Exelon and Xchange will be participants in the solicitation of proxies from Exelon shareholders for the Exelon Meeting or any adjournment or postponement thereof.  In addition, certain directors and executive officers of Exelon and Xchange may solicit proxies for the Exelon Meeting.  Information about Exelon and Exelon's directors and executive officers is available in Schedule I to the Prospectus/Offer to Exchange.  Information about Xchange and Xchange's directors and executive officers is available in Schedule II to the Prospectus/Offer to Exchange.  Information about any other participants will be included in the Definitive Exelon Meeting Proxy Statement.

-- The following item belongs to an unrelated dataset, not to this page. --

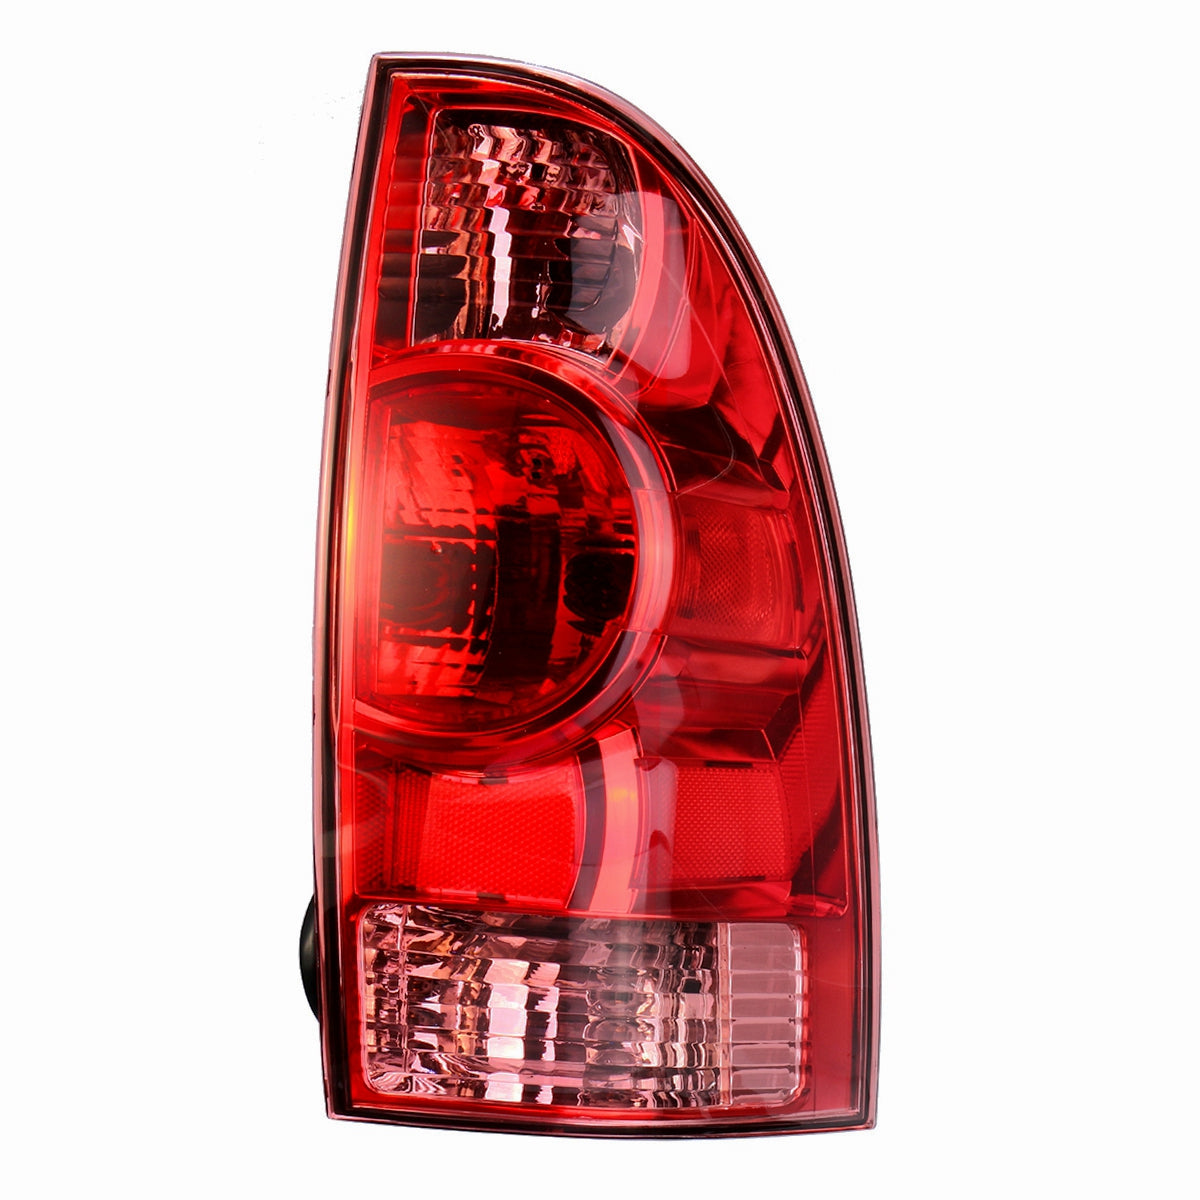 Firebrick Car Rear Tail Light Assembly Brake Lamp with No Bulb Left/Right for Toyota Tacoma Pickup 2005-2015

Forward Looking Statements

     This communication includes forward-looking statements.  There are a number of risks and uncertainties that could cause actual results to differ materially from the forward-looking statements made herein.   The factors that could cause actual results to differ materially from these forward-looking statements include Exelon's ability to achieve the synergies contemplated by the proposed transaction, Exelon's ability to promptly and effectively integrate the businesses of NRG and Exelon, and the timing to consummate the proposed transaction and obtain required regulatory approvals as well as those discussed in (1) the Exchange Offer Documents; (2) Exelon's 2008 Annual Report on Form 10-K in (a) ITEM 1A. Risk Factors, (b) ITEM 7. Management's Discussion and Analysis of Financial Condition and Results of Operations and (c) ITEM 8. Financial Statements and Supplementary Data: Note 18; (3) Exelon's First Quarter 2009 Quarterly Report on Form 10-Q in (a) Part II, Other Information, ITEM 1A. Risk Factors and (b) Part I, Financial Information, ITEM 1. Financial Statements: Note 13; and (4) other factors discussed in Exelon's filings with the SEC.  Readers are cautioned not to place undue reliance on these forward-looking statements, which apply only as of the date of this communication.  Exelon does not undertake any obligation to publicly release any revision to its forward-looking statements to reflect events or circumstances after the date of this communication, except as required by law.

     Statements made in connection with the Offer are not subject to the safe harbor protections provided to forward-looking statements under the Private Securities Litigation Reform Act of 1995.

     All information in this communication concerning NRG, including its business, operations, and financial results, was obtained from public sources.  While Exelon has no knowledge that any such information is inaccurate or incomplete, Exelon has not had the opportunity to verify any of that information.